De rol van agency-theorie in corporate governance
Agentschap theorie wordt gebruikt om de relaties tussen agenten en opdrachtgevers te begrijpen. De agent vertegenwoordigt de principaal bij een bepaalde zakelijke transactie en er wordt verwacht dat hij de belangen van de principaal vertegenwoordigt zonder rekening te houden met: eigenbelang.
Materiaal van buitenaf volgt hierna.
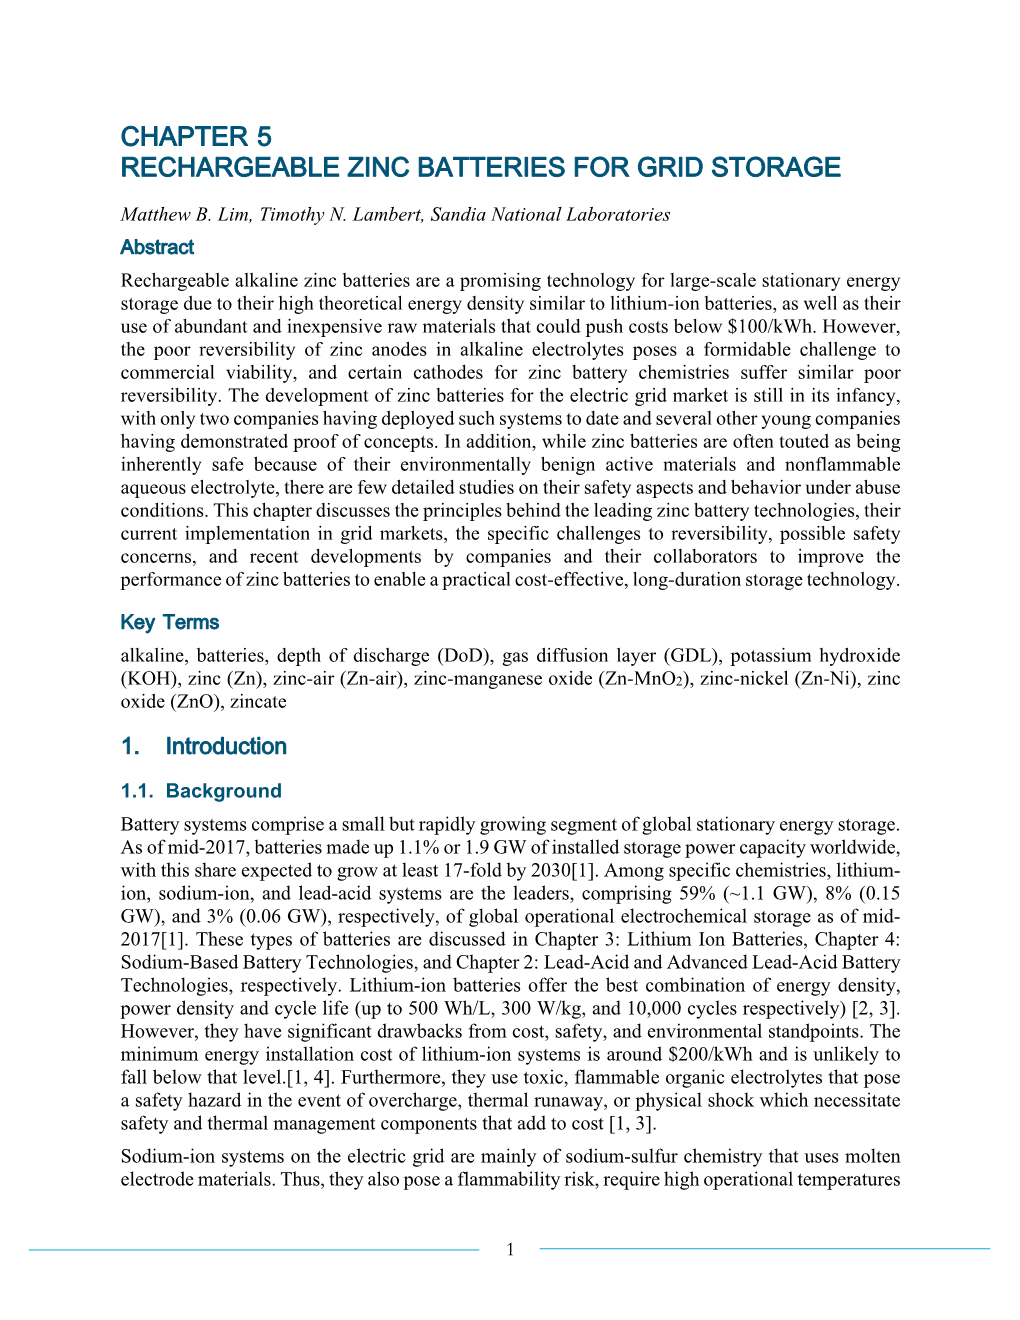 DOE ESHB Chapter 5 Rechargeable Zinc Batteries for Grid Storage

De verschillende belangen van opdrachtgevers en agenten kunnen een bron van conflicten worden, aangezien sommige agenten mogelijk niet perfect in het belang van de principaal handelen. De resulterende miscommunicatie en onenigheid kan leiden tot verschillende problemen en onenigheid binnen bedrijven. Onverenigbare verlangens kunnen een wig tussen elkaar drijven belanghebbende en inefficiënties en financiële verliezen veroorzaken. Dit leidt tot de principaal-agent probleem.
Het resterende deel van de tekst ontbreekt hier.